[To do] Word for word, reproduce each line of the data below, omitting every image.

[Supplied information]
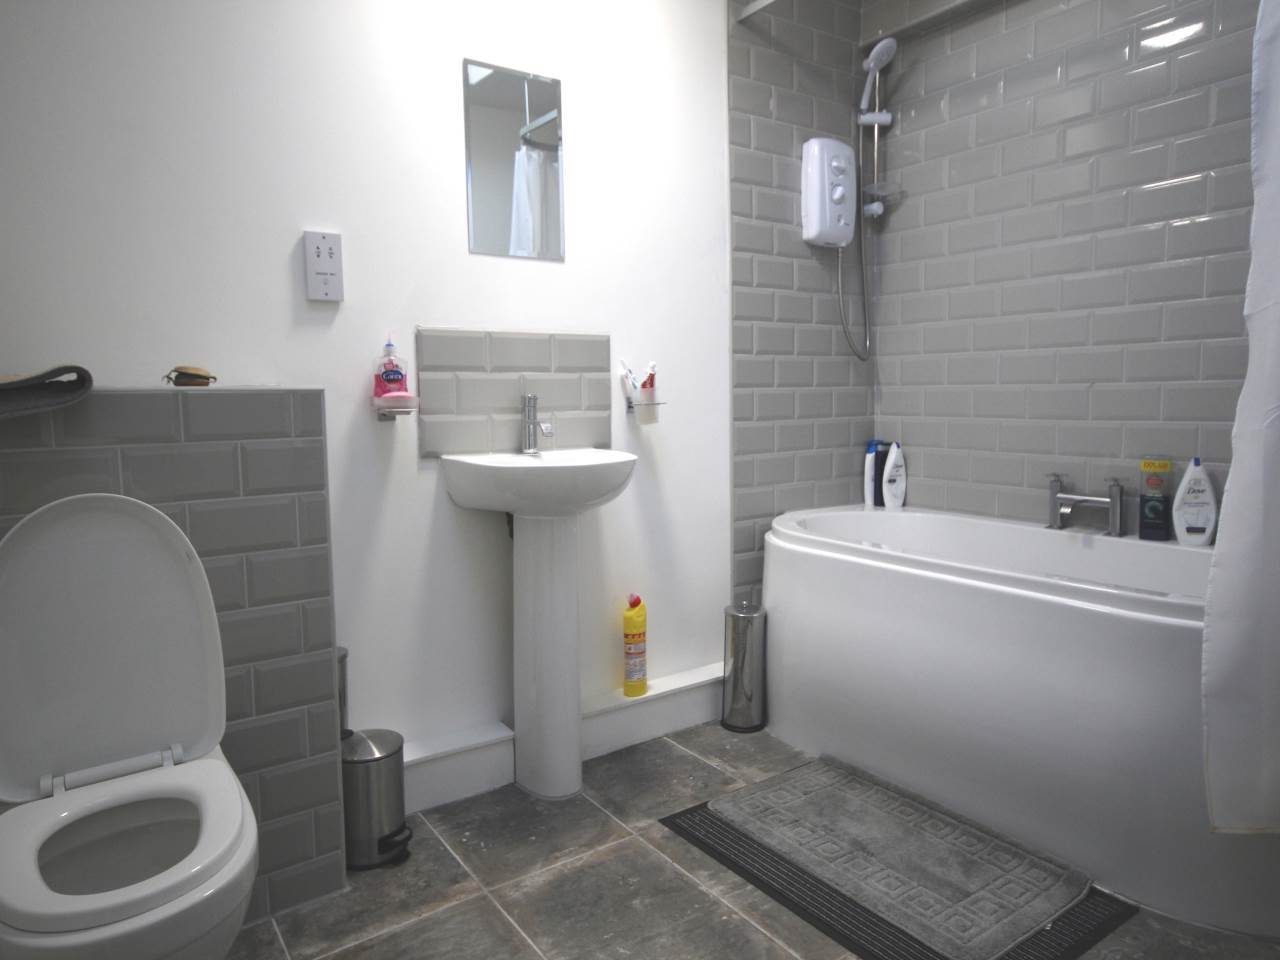 1 bed house / flat share to rent in Grove Terrace  - Property Image 3
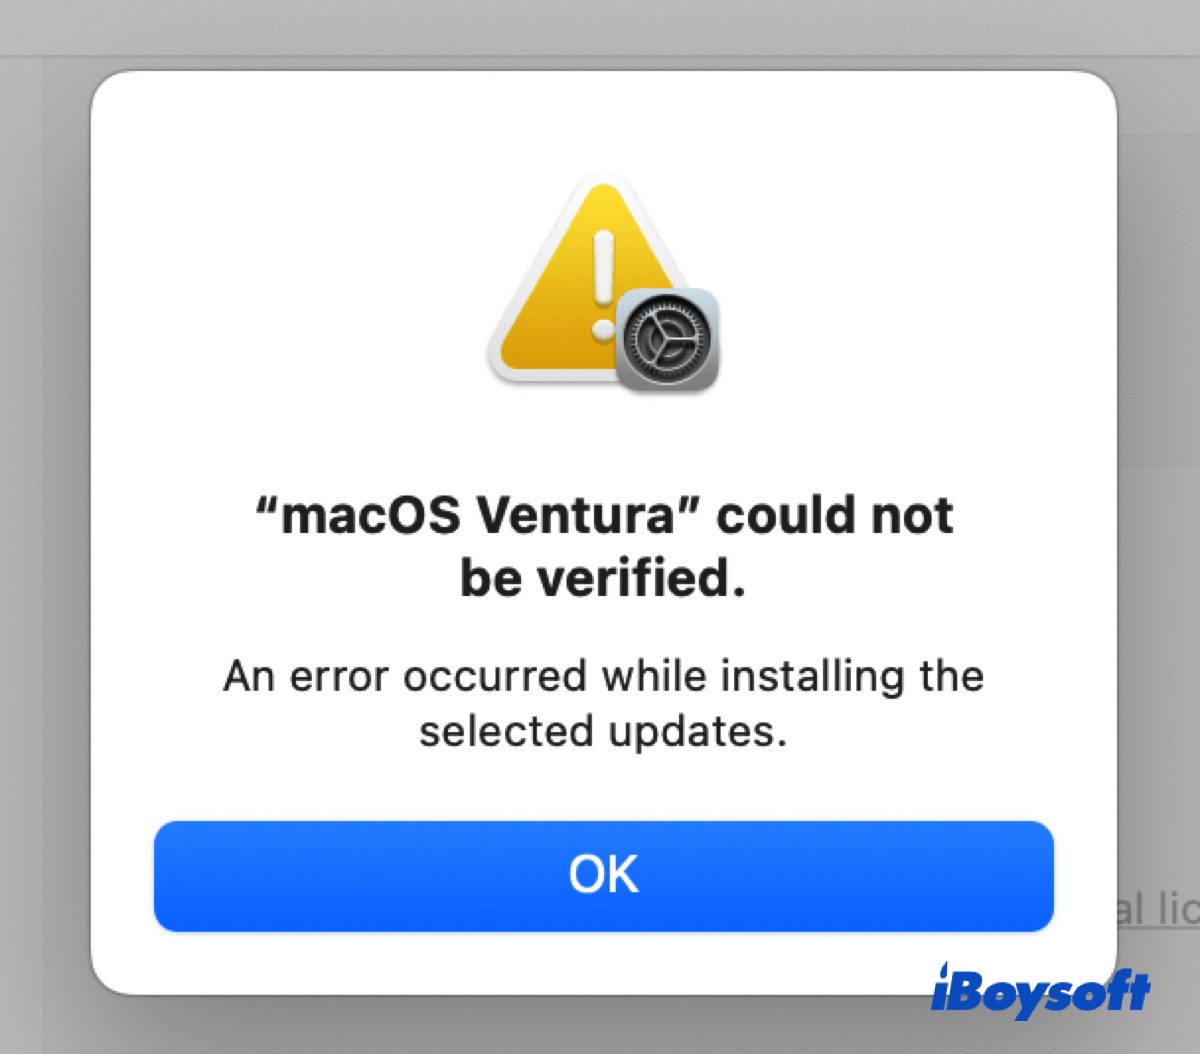 The error saying macOS Ventura could not be verified
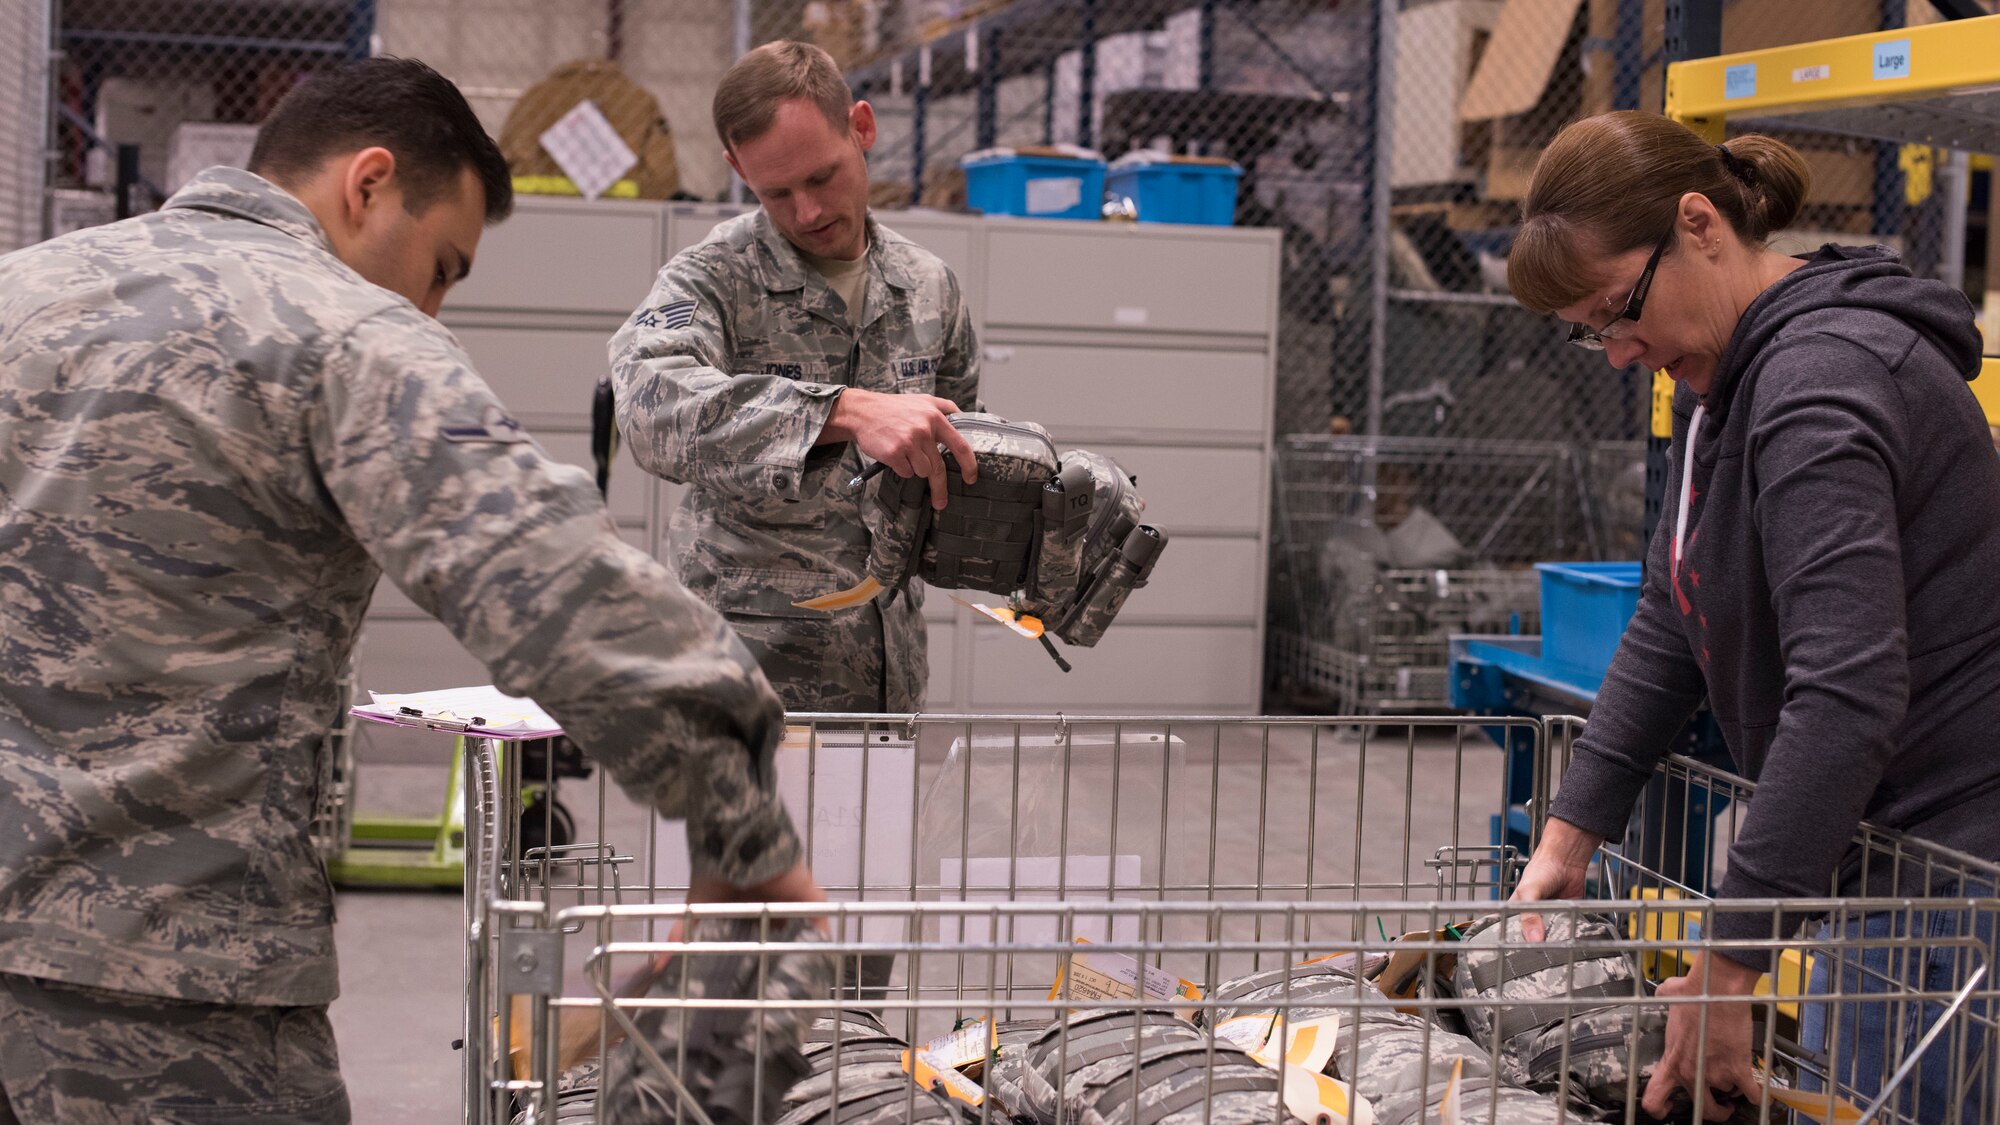 Airman Diego Najera-Dominguez, 92nd Logistics Readiness Squadron Individual Protective Equipment apprentice (left), Staff Sgt. Jeffery Jones, 92nd LRS Individual Protective Equipment supervisor, and Jessica Parker, 92nd LRS IPE Supply Technician supervisor, sort through Joint First Aid Kit packages Sept. 19, 2018, at Fairchild Air Force Base, Washington. Logistics Airmen are tasked with the organization, tracking and issuing of hundreds of thousands of individual pieces of gear for training and deployment purposes. (U.S. Air Force photo/Senior Airman Ryan Lackey)

[Result for this exercise]
 1 bed house / flat share to rent in Grove Terrace  - Property Image 3
 The error saying macOS Ventura could not be verified
 Airman Diego Najera-Dominguez, 92nd Logistics Readiness Squadron Individual Protective Equipment apprentice (left), Staff Sgt. Jeffery Jones, 92nd LRS Individual Protective Equipment supervisor, and Jessica Parker, 92nd LRS IPE Supply Technician supervisor, sort through Joint First Aid Kit packages Sept. 19, 2018, at Fairchild Air Force Base, Washington. Logistics Airmen are tasked with the organization, tracking and issuing of hundreds of thousands of individual pieces of gear for training and deployment purposes. (U.S. Air Force photo/Senior Airman Ryan Lackey)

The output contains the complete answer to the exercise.